All entries below need to be written out exactly, but without their pictures.

§ Data excerpts
[Start of Attachment]

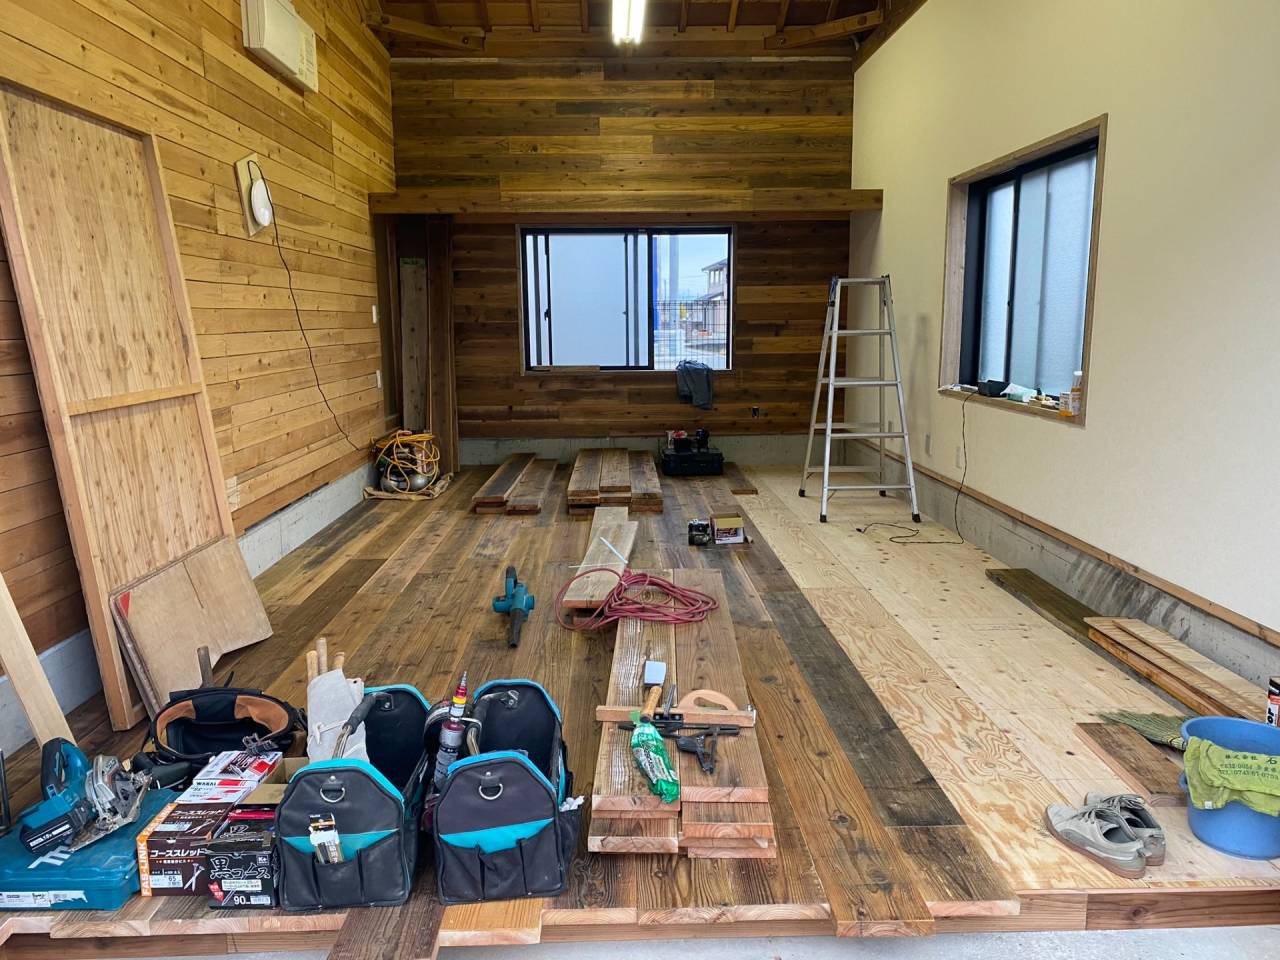 工事途中状況・壁クロス施工後床工事へと移ります。床の水平や不陸を調整し捨て張り合板施工後に足場板古材の床板を張っていきます。
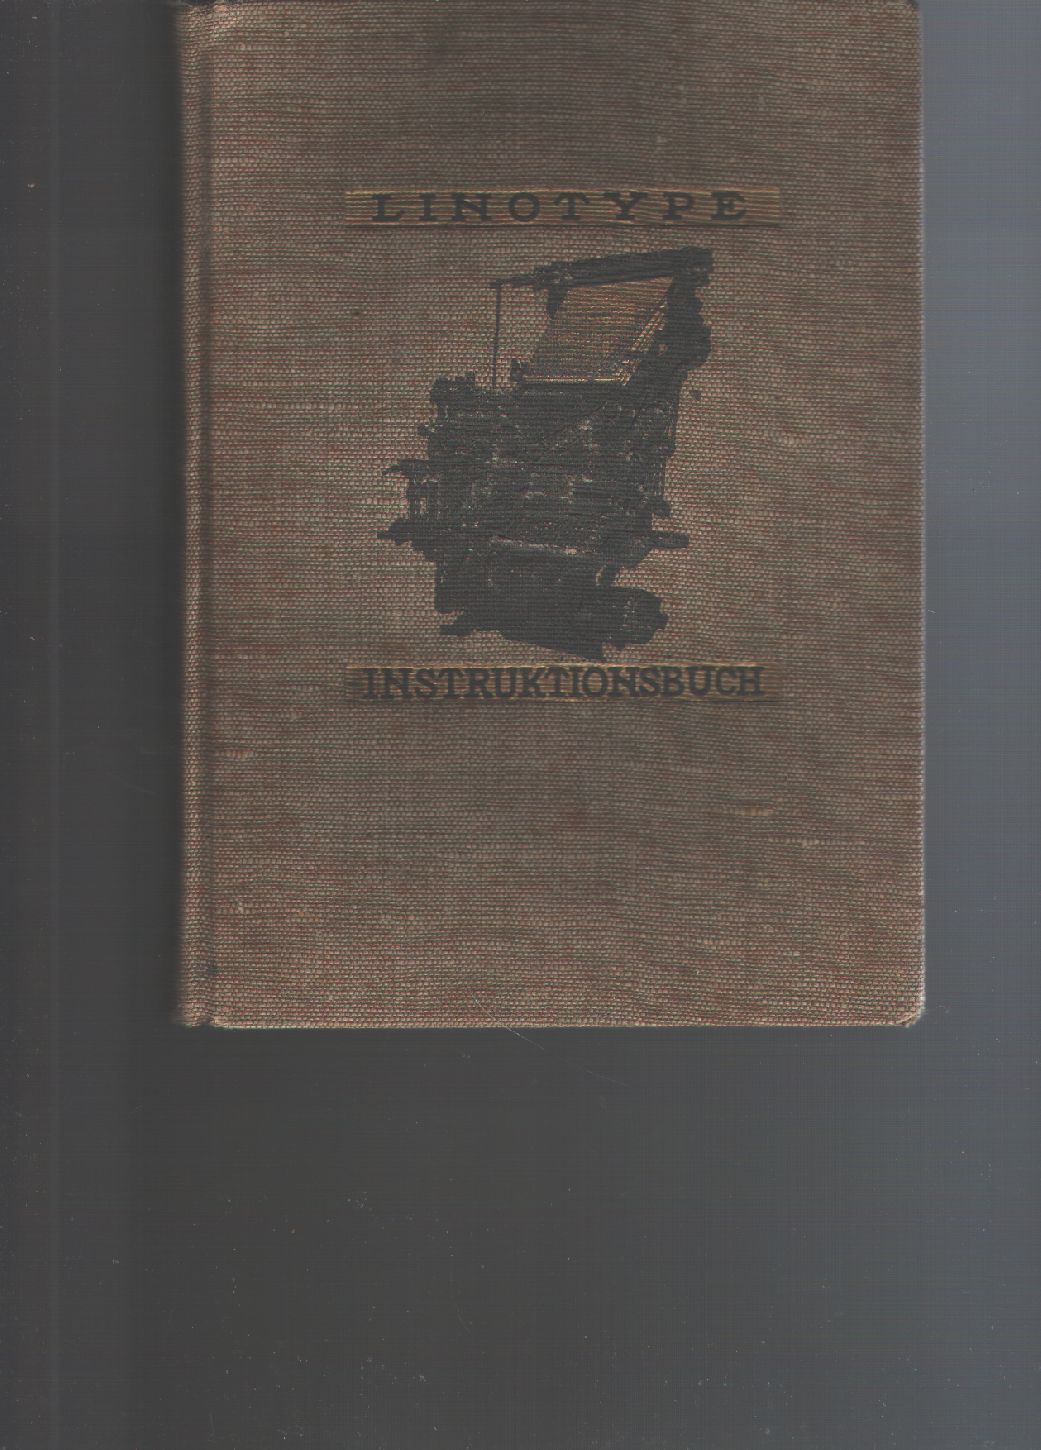 Mergenthaler Setzmaschinen Fabrik  Linotype - Instruktionsbuch  Ausführliche Beschreibung der Arbeitsweise der verschiedenen Linotype-Modelle, ihrer Bedienung, Behandlung und Pflege 
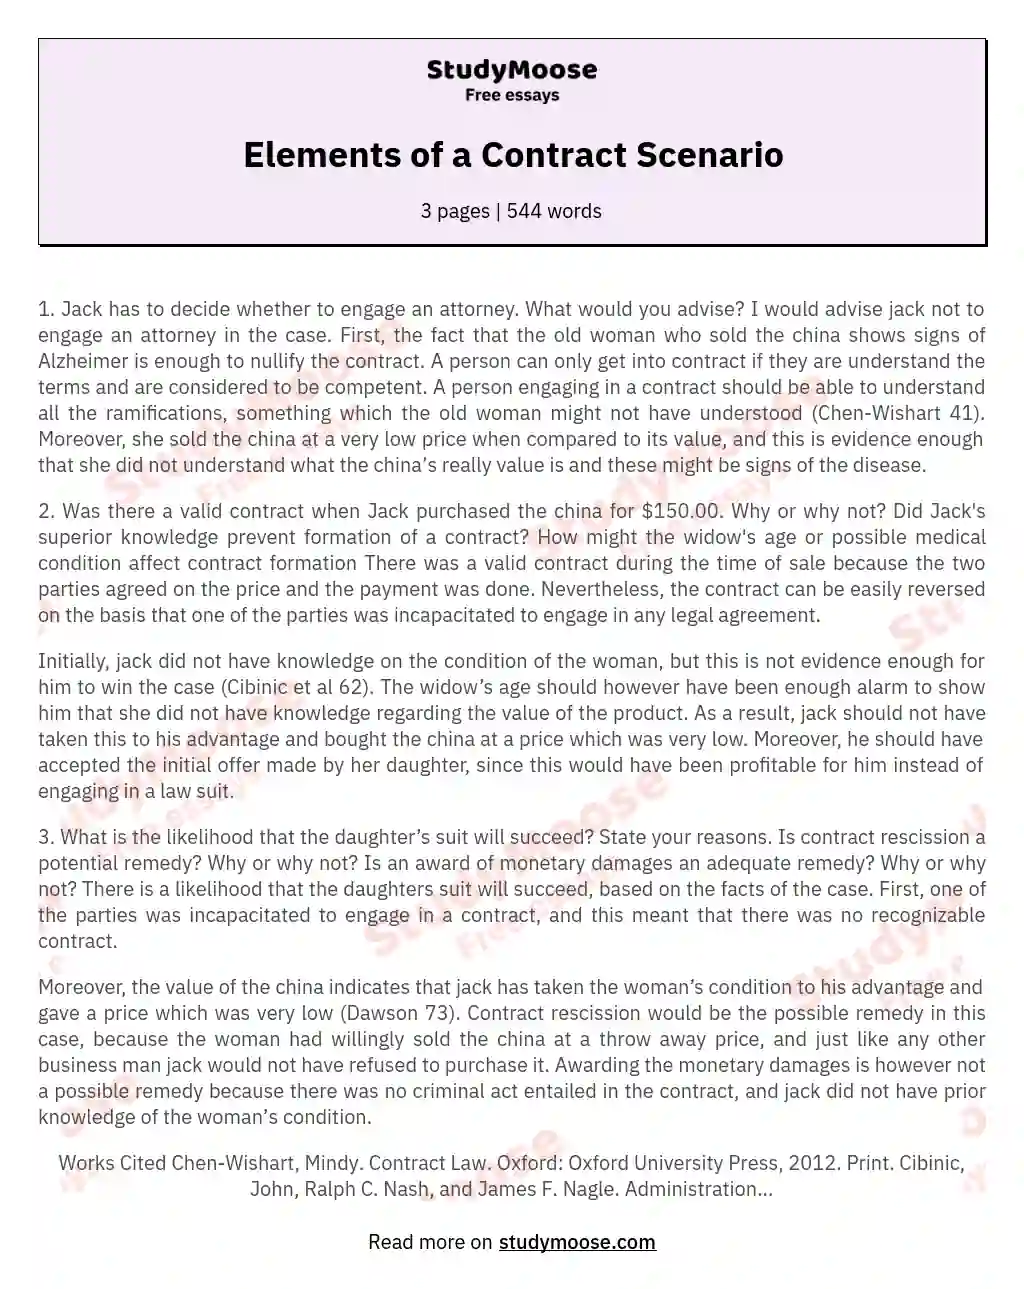 Elements of a Contract Scenario essay
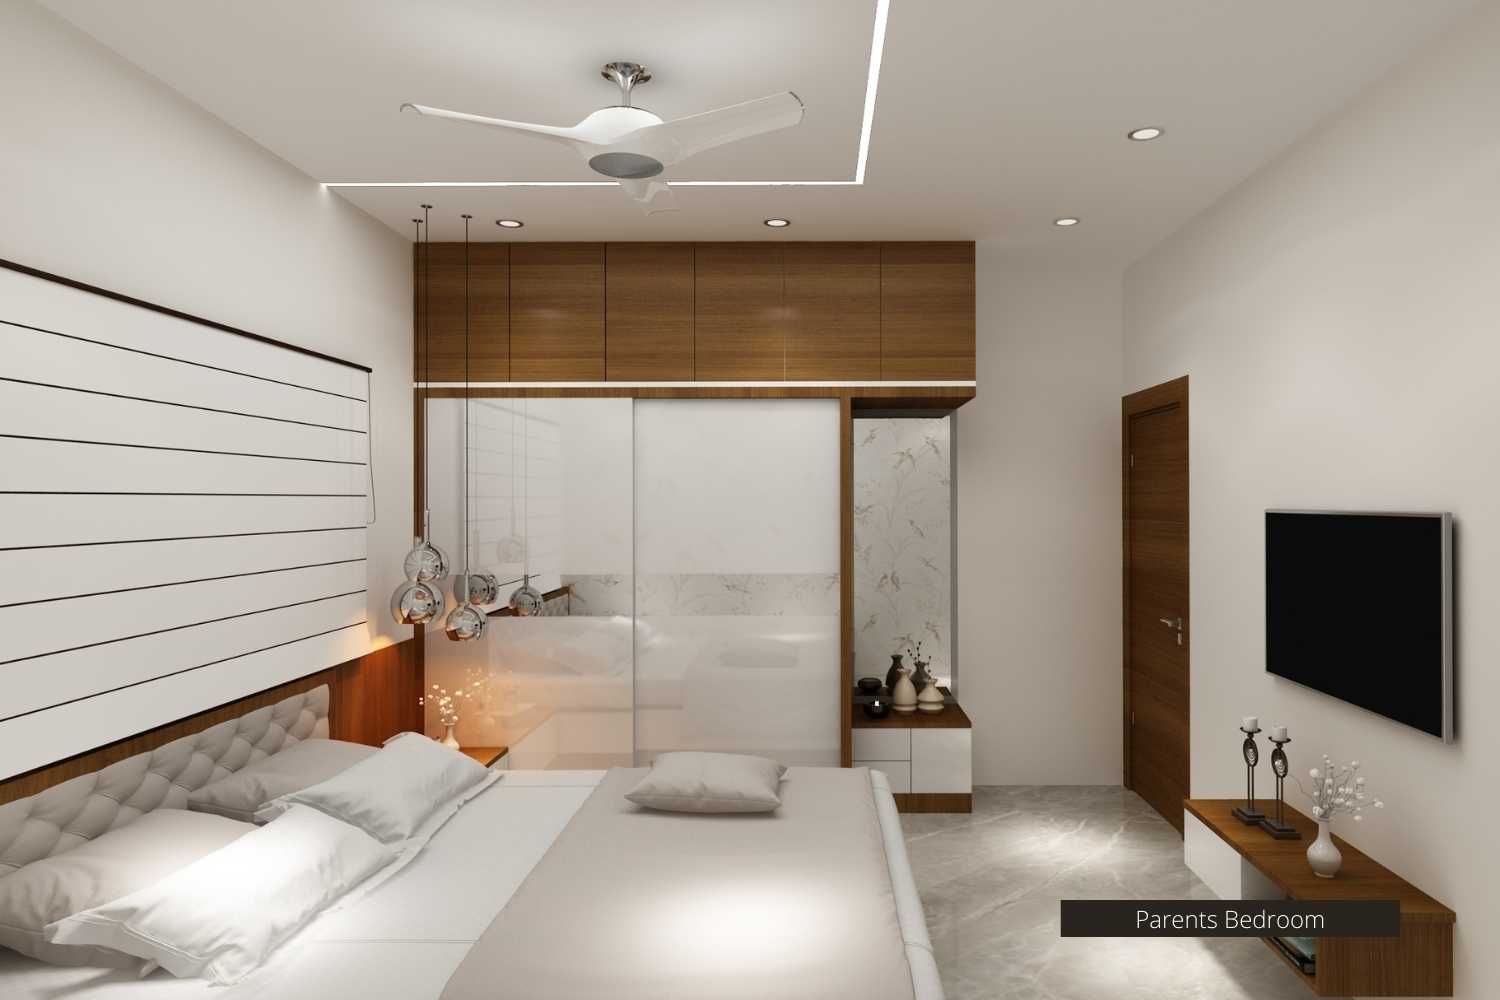 3bhk apartment interior design
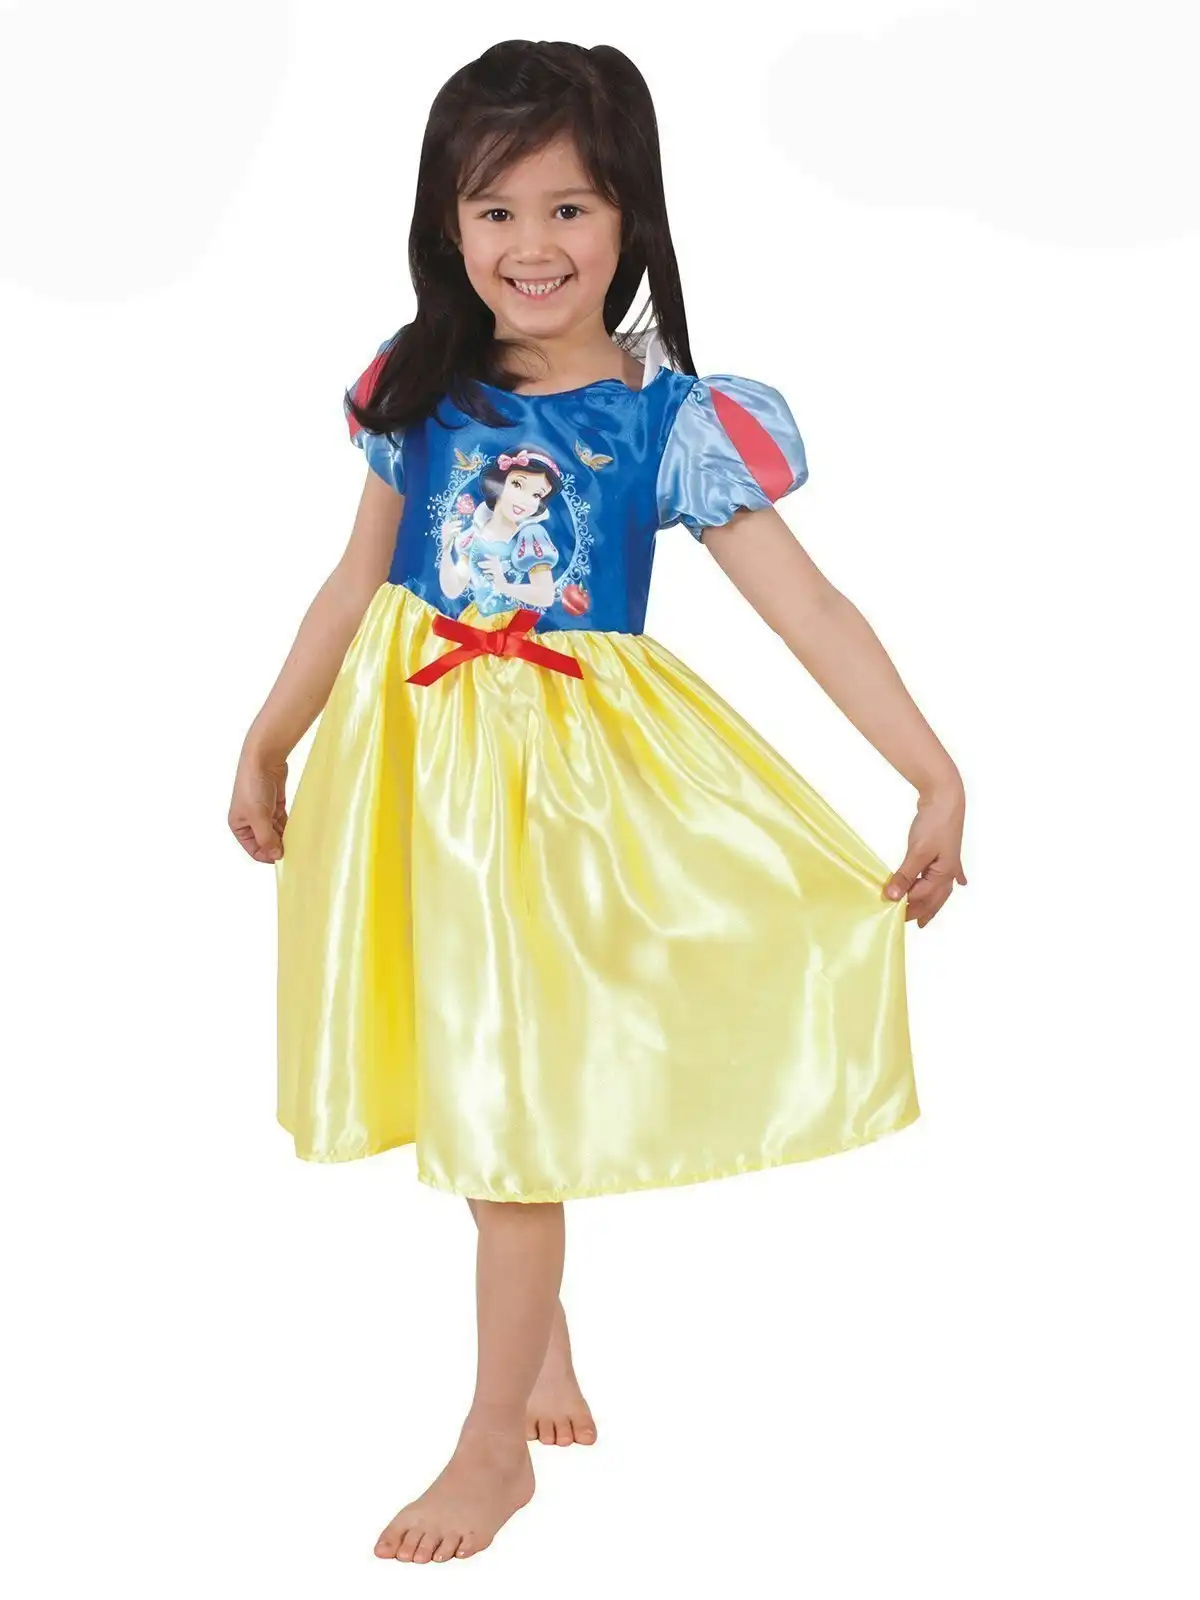 Disney Snow White Opp Storytime Dress Up Kids/Children/Girls Costume Size 2-4
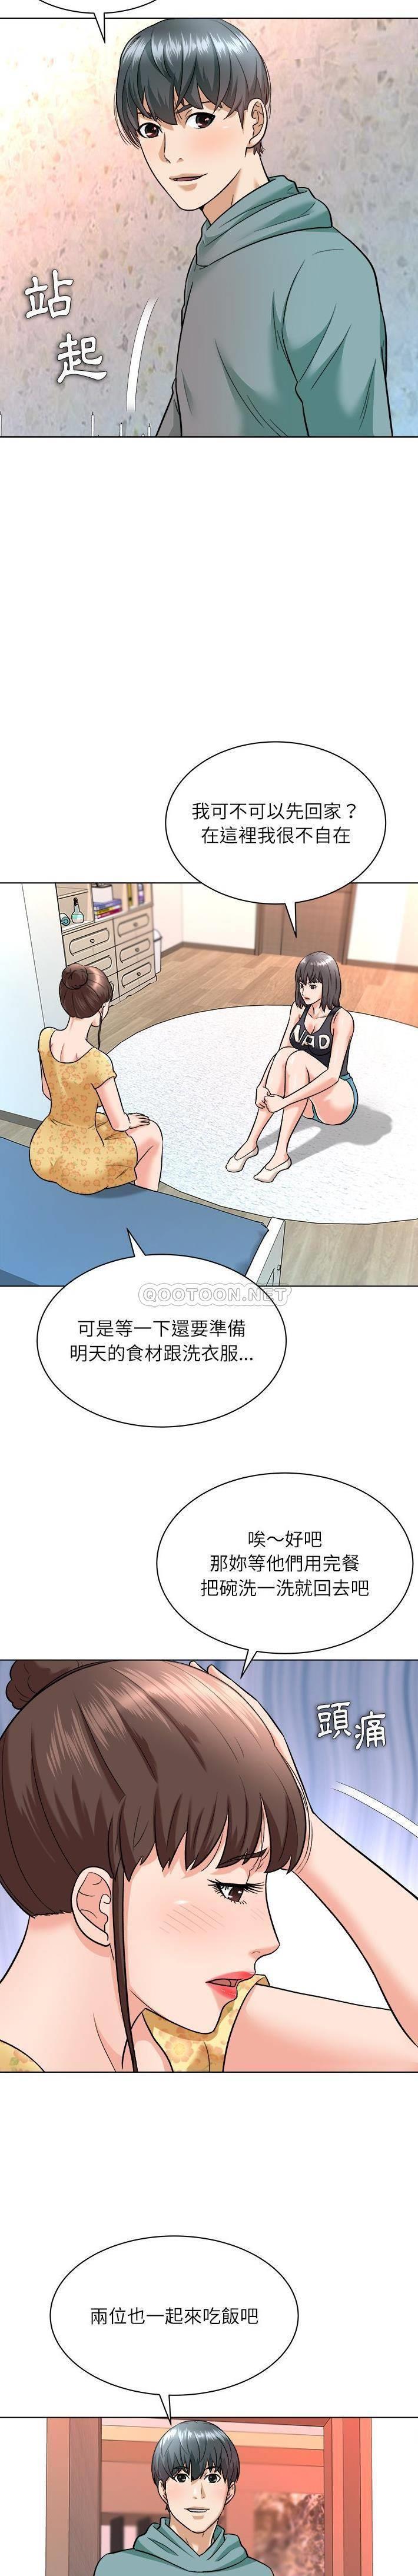 韩国污漫画 豪賭陷阱 第7话 7

[End of Attachment]

§ Answer for this exercise
 工事途中状況・壁クロス施工後床工事へと移ります。床の水平や不陸を調整し捨て張り合板施工後に足場板古材の床板を張っていきます。
 Mergenthaler Setzmaschinen Fabrik  Linotype - Instruktionsbuch  Ausführliche Beschreibung der Arbeitsweise der verschiedenen Linotype-Modelle, ihrer Bedienung, Behandlung und Pflege 
 Elements of a Contract Scenario essay
 3bhk apartment interior design
 Disney Snow White Opp Storytime Dress Up Kids/Children/Girls Costume Size 2-4
 韩国污漫画 豪賭陷阱 第7话 7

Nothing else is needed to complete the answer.